Лев Токмаков (1928–2010), Юрий Копейко (1933–2010), Май Митурич (1925–2008) и Мария Чегодаева на открытии выставки Евгения Монина (1931–2002). Москва, Пречистенка, 21.
         Капризный фрукт. Интересно с ним было. Я приезжал к нему в Переделкино — тоже надо было показывать работы. Вот один раз повёз дочь десятилетнюю, или девятилетнюю, ну пусть посмотрит на Чуковского. Ну всё! Он там с ней, потом он стал нас провожать. И там здоровенная собака забежала, такая соседская что ли, дворняга такая, и Корней Иванович вдруг её оседлал как бы и круг такой верхом на собаке сделал вокруг моей дочки. Должна запомнить.
         И вообще вот, ему было уже за 80, он обожал свою правнучку, маленькая, забыл, как её звали. Она там где-то ползала под столом. Мне сейчас очень трудно на корточки присесть, а он залезал к ней под стол, и не потерял эту гибкость.
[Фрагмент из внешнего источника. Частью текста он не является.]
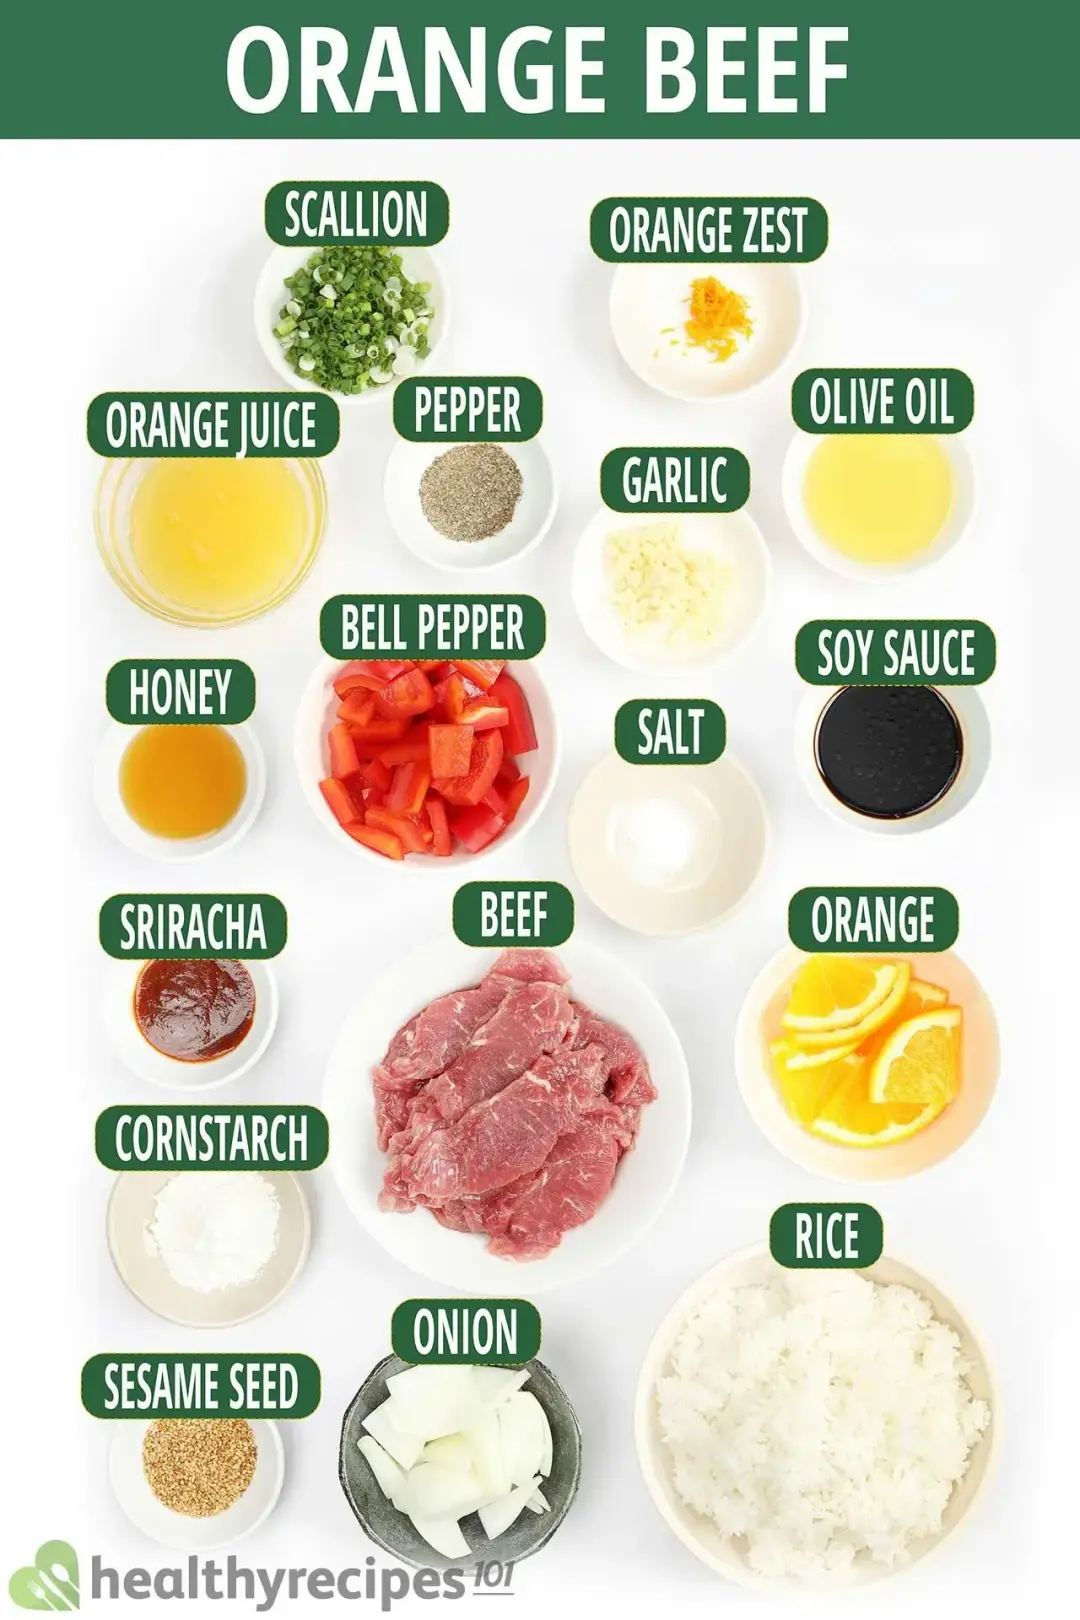 Ingredients for Orange Beef

         Такой был у меня случай: делал я «Бармалея». Приехал, как положено, ему показать картинки. Он как-то всё это так санкционировал, одобрил. Я приехал на беду без редактора, один. Обычно мы с редактором приезжали, со Степанян Нелли Цолаковной.
         Я приезжаю в редакцию и говорю, что вот всё в порядке, Корней Иванович смотрел. Через два дня приходит открытка от Корнея Ивановича: Всё никуда не годится!
         Всё, всё, значит… Ой, Боже мой! Я в дураках, потому что я только что сказал. Был у него тогда литературный секретарь Володя Глоцер, я ему говорю:
          — Володя! Что же это такое?!
          — Да, — говорит, — это как весенний дождичек.
         Ну, с этим как-то я всё переделал, утряслось. По-моему, «Муху-Цокотуху» делал. Помню, на веранде он принял, на втором этаже у него веранда такая открытая. Он, значит, смотрит рисунки, а про себя так напевает:
          — Муха, муха Цокотуха, позолоченное брюхо... Ах, Пушкин бы не отказался! Ах, стихи!
          — А, — говорю, — к чему же это?
          — А вот к чему: к тому, что вот, вот всем понравилось, всё хорошо.
         Я пошёл. Пошёл, пошёл, думаю: а вдруг опять что-нибудь напишет? Возвращаюсь, а он уже гулять собрался, уходит.
          — Корней Иванович, подпишите.
          — Что ж, — говорит, — вы меня за жулика считаете? Сейчас подпишу.
         У меня хранится где-то: Я в восторге от рисунков. Так что я переподстраховался на другой раз.
Радио ЭХО Москвы, 07.09.2008 15:08.
Собрание Третьяковки: художник Май Митурич-Хлебников.
www.echo.msk.ru/programs/tretiakovka/538664-echo/




Ну и ну. Вот так тáк. Весенний дождичек. Не поискать ли грозу в начале Мая. С большой буквы, имя собственное. Начало Мая Митурича — С.Я. Маршак. Ищем грозу в начале Мая.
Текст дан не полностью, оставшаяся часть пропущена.